Here’s Why You Should Accept Credit Cards in Your Small Business

Thanks to mobile card reader technology, it’s easier and cheaper than ever before for small business owners to accept credit card payments. If your small business doesn’t take credit cards, it’s time to change. Why?

Simple — it’s because accepting cards can be the best thing you’ve ever done to grow your business. You’ll attract more customers, make more sales, improve your cash flow, shore up security, slash expenses and more. Here’s why your small business needs to start accepting credit cards, sooner rather than later.

You’ll Boost Sales and Cash Flow

Numerous studies have shown that when customers pay cash, they spend less money. That’s because paying with cash creates a tangible feeling of loss; customers can literally see their assets diminishing. They hand over an amount of cash to pay the bill and get back much less. But when they use a credit or debit card, they hand over the card and get the same card back — and the bill doesn’t come for a month. This veils the loss of assets and makes it easier for customers to rationalize impulse purchases.

As a result, customers are likely to spend more when they’re allowed to pay for purchases with plastic. Nor are they limited to spending the amount of cash they have in their wallets. Instead, they’re limited to their account balance or borrowing limit, which can be much, much higher.

You’ll Get More Customers

Fewer and fewer people are carrying cash these days. In the United States, for example, only 23 percent of point-of-sale transactions are carried out using cash. Of Americans who do carry cash, two-thirds carry less than $50 at any given time. Americans love to pay for purchases with credit and debit cards.

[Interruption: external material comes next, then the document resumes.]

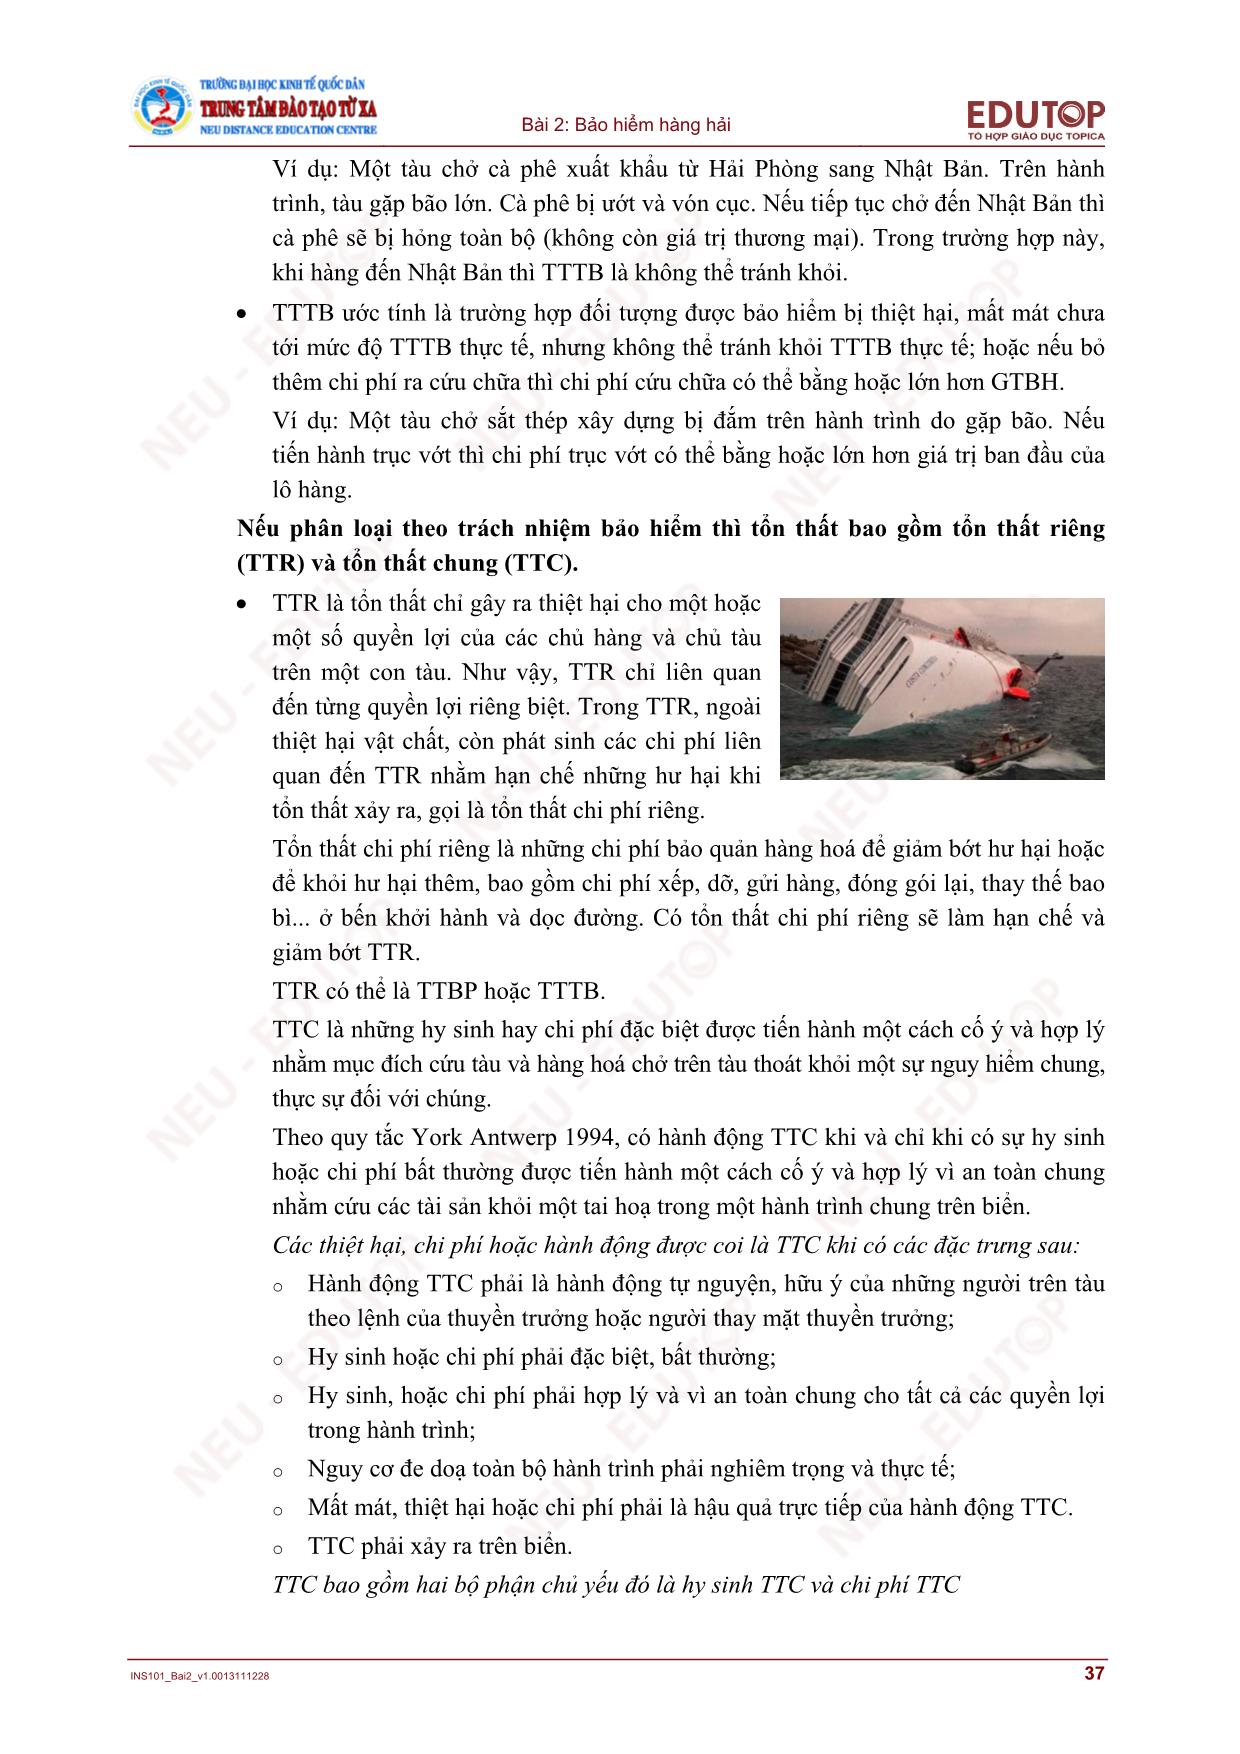 Bài giảng Bảo hiểm thương mại - Bài 2, Phần 2: Bảo hiểm hàng hải - Nguyễn Thị Lệ Huyền trang 5

Things are different in India, of course, where the older generation remains entrenched in the cash mindset. But Indians are increasingly adopting mobile pay services — smart phone apps that allow consumers to pay electronically without cards. Any decent merchant services provider will offer you the flexibility to accept all the forms of payment that your customers want to use, including credit cards, debit cards and mobile pay options. When customers realize that they have the option to pay using the method they prefer, they’ll be more likely to come to your shop — and they’ll tell their friends, too.

Handling Less Cash Is Safer

The trouble with cash is that it can be easily stolen, and once a thief has his or her hands on it, he or she can spend it as he or she pleases. You can’t get it back once it’s gone.

Dealing only with cash means you’ll have lots of cash on hand in your business, and that leaves you vulnerable. An unscrupulous employee could easily rob you blind. Someone could rob you while you’re carrying cash to the bank to deposit it. A robber could even come in and rob you at gunpoint, cleaning you out. The less cash you have on hand, the less vulnerable you are to theft.

You’ll Gain the Flexibility to Accept Online Payments

Accepting credit card payments doesn’t just mean handling card-present transactions. It also opens up the possibility of making online sales. That can create a whole new stream of revenue for your small business. And in addition to accepting credit and debit cards online, you can also accept alternative forms of digital payment, such as PayPal.

You’ll Save Money

It might seem counter intuitive to say you’ll save money by accepting credit and debit card payments. Don’t these payments incur transaction fees? Yes, they do. But handling cash has its costs as well. You have to pay for cameras, locks, safes, silent alarms and other security features to keep cash safe on your premises or while you’re transporting it. You have to pay the costs of transporting cash to the bank for deposit. You have to spend time counting cash, recording cash transactions by hand, preparing cash for deposit and actually taking it to the bank.

All of these hidden costs add up. One study by Tufts University researchers found that small business owners are typically unaware of the expenses related to handling cash. Another study found that debit card and credit card transactions were significantly cheaper than cash transactions, with debit card transactions costing about $0.43 each, credit card transactions costing $0.67 per transaction and cash costing a whopping $1.06 per transaction.

Your small business can benefit greatly from accepting credit card and mobile payments. Bring your business into the digital age and reap the rewards of offering your customers more payment options.